In April 1595 two ships arrived at Margarita island, but they were not the requested reinforcements, they were two English ships under the command of Walter Raleigh, known by the Spaniards as Guaterral. Spain and England were not at war, but relations were tense. Raleigh was also searching for El Dorado, even having studied Spanish to be able to personally read the chronicles that were published in America about America. Raleigh presented himself with a delegation for friendly purposes, and at the first opportunity assaulted the city of San José de Oruña, founded by the lieutenant and commissioner of Berrio, Domingo de Vera. The square defended by 28 soldiers was taken, and Berrio and his lieutenant, Alvaro Jorge, were taken as hostages, after which Raleigh burned down the city. His next act was to try to locate El Dorado going up the Orinoco, with Berrio as a guide. Berrio took them through the territories already explored by him years ago. The expedition of Raleigh unsuccessfully returns to Trinidad and the liberation of Antonio de Berrio took place at the end of June 1595 in the coasts of Cumana, in a prisoners exchange deal.

== Death and legacy ==
Antonio de Berrio died at age 70 in Santo Tomé de Guayana, fortress founded by himself, in 1597, a few days after his son Fernando de Berrío arrived with the reinforcements of troops, food and money he requested to continue with the search for the mythical El Dorado. El Dorado fever also severely affected his son, who would actively continue his search. As for Raleigh, he wrote a famous book of his days, entitled "Discovery of the great, rich and beautiful empire of Guayana" chronicle of his expedition with Berrio.
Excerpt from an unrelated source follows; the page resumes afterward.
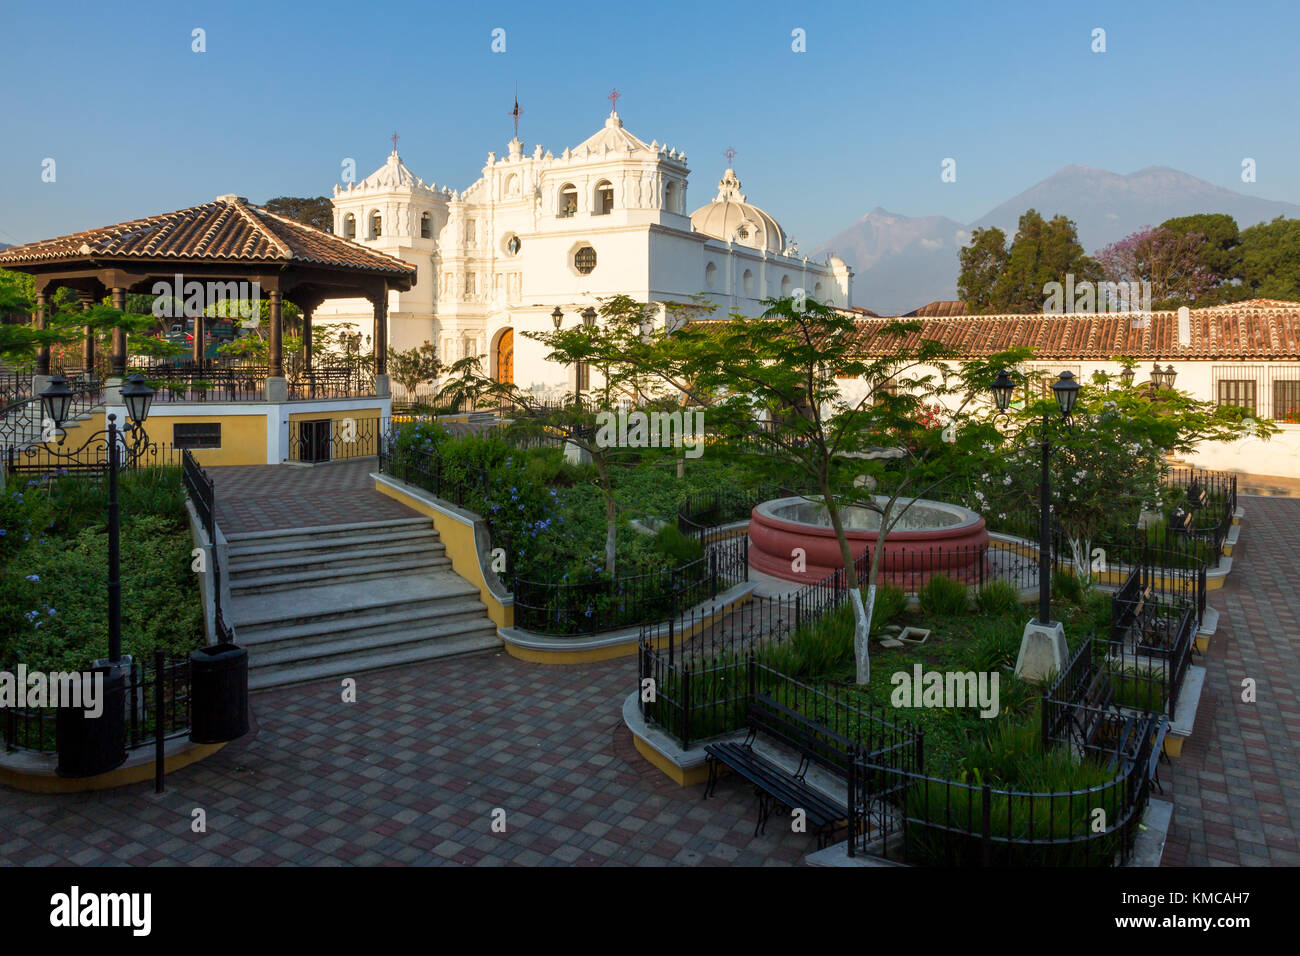 Main square with view to the volcanoes Acatenango and Fuego in the background | Ciudad Vieja | Guatemala Stock Photo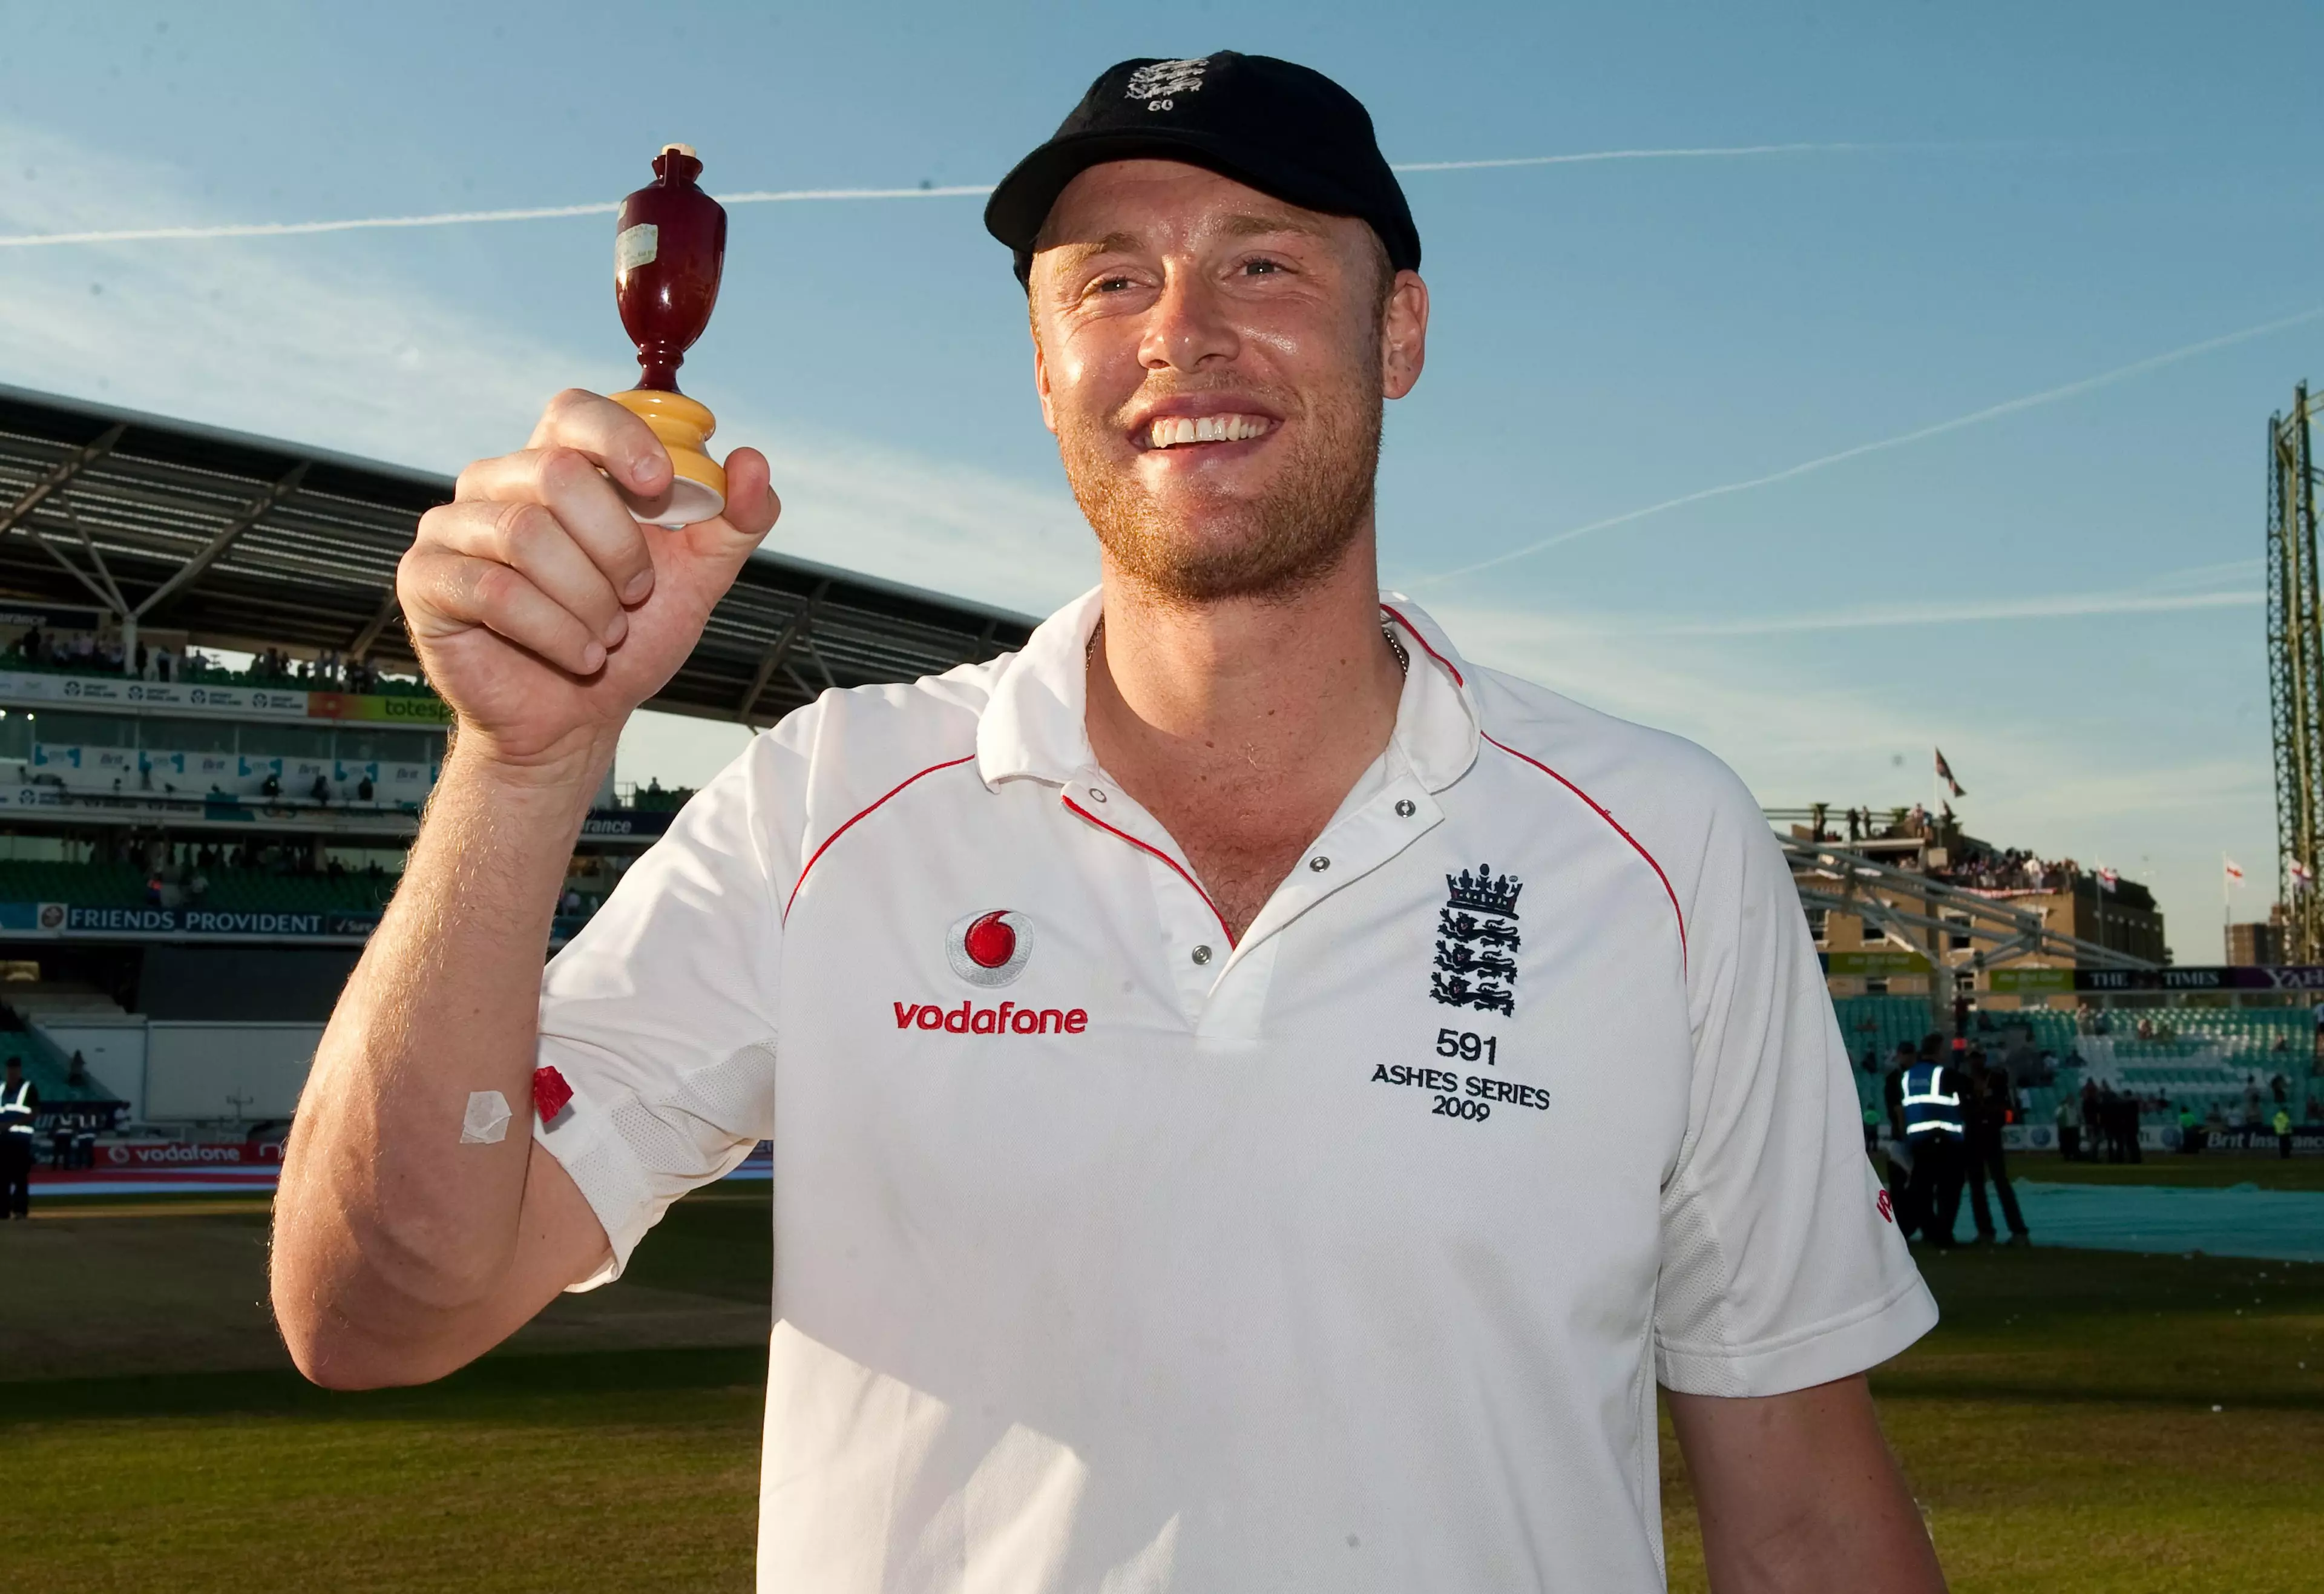 Freddie Flintoff said being known as a 'fat cricketer' affected his mental health.

Raleigh was only able to contribute the book, no gold, which earned him a death sentence by James I, successor of the deceased Elizabeth I, but execution was put on hold for an indefinite prison in the Tower of London. After twelve years of captivity, Raleigh regained his freedom, all this time did not serve to forget El Dorado, fever led him to make another expedition in his search that ended in failure and also broke the pact not to damage the Spanish possessions in the new world product of the new policy of alliance of England with Spain, which cost him his head at the hands of an executioner to satisfy the Spanish monarch Philip III on October 29, 1618.